## WHAT TO WORK ON
Among the lines below, output only those between the line holding "Image Editor using CamanJS" and the line holding "Schloss Westerwinkel 100 Schlösser Route", inclusive, exactly as written and with no pictures.

MATERIALS PROVIDED Block Start

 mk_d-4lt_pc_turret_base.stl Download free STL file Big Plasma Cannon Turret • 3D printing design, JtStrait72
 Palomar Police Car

MATERIALS PROVIDED Block End
MATERIALS PROVIDED Block Start

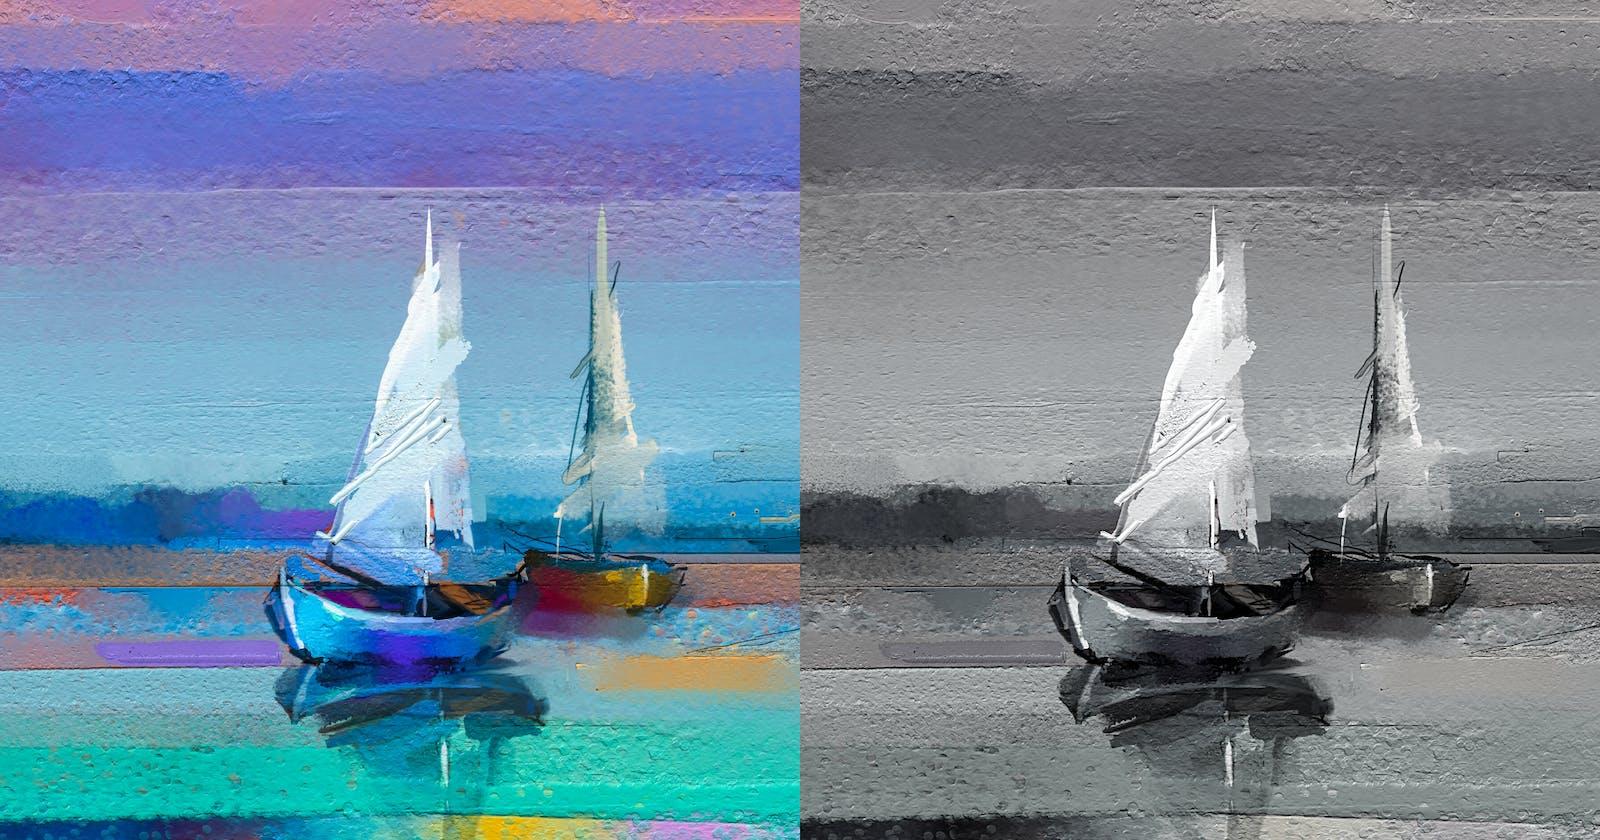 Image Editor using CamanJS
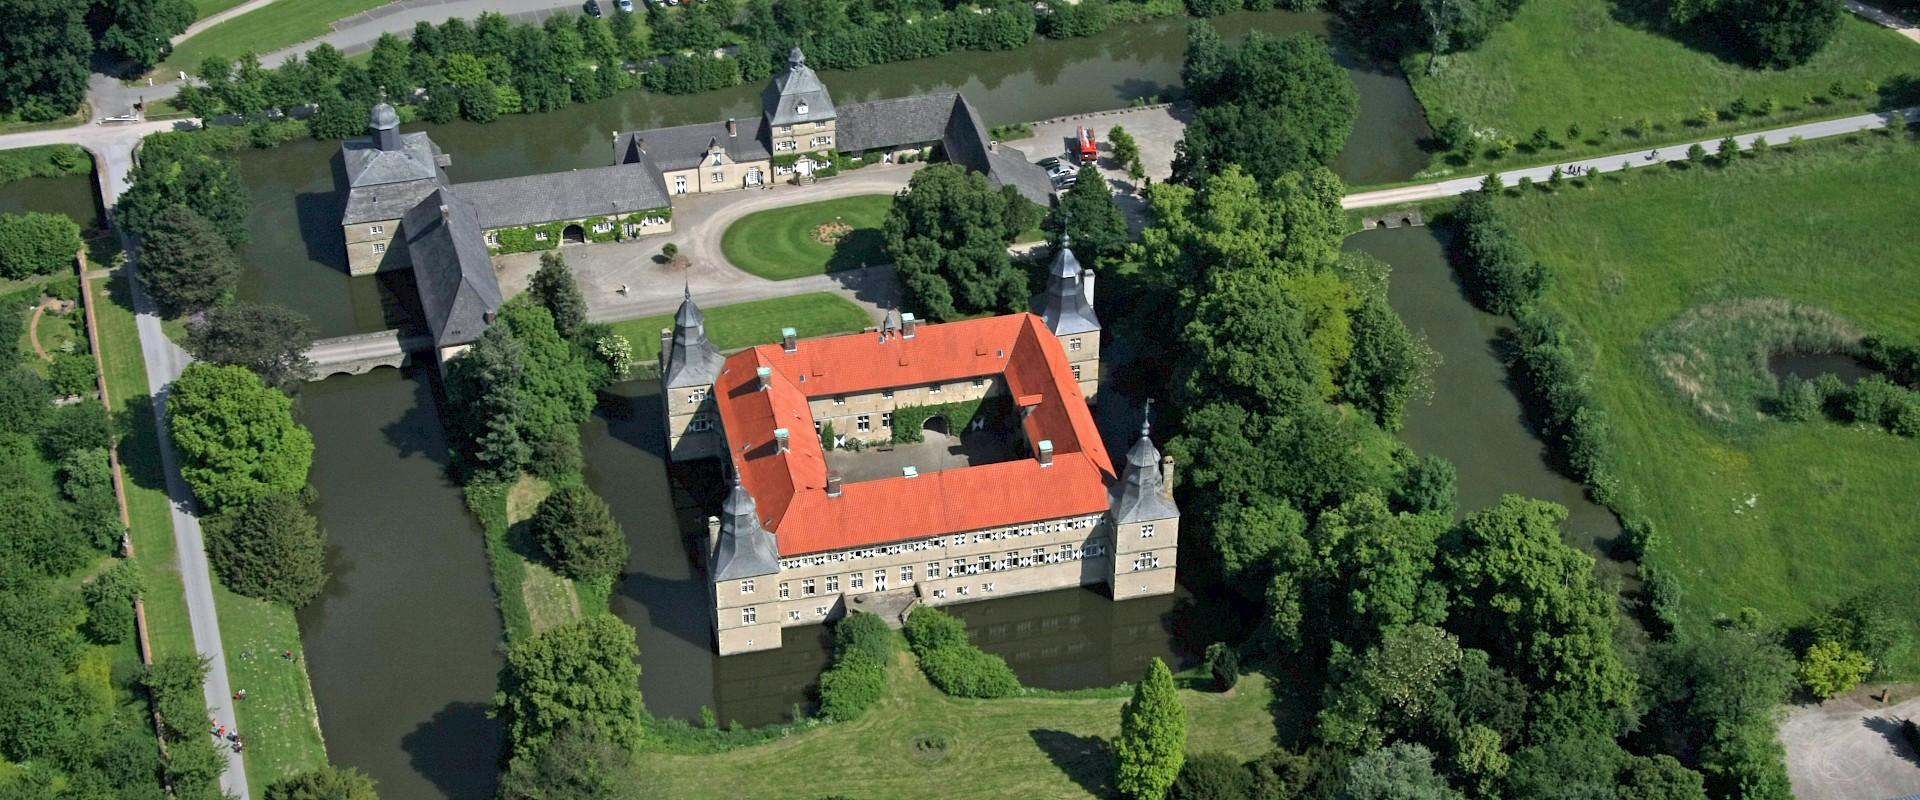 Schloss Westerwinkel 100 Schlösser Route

MATERIALS PROVIDED Block End

## SOLUTION FOR THIS PROBLEM
 Image Editor using CamanJS
 Schloss Westerwinkel 100 Schlösser Route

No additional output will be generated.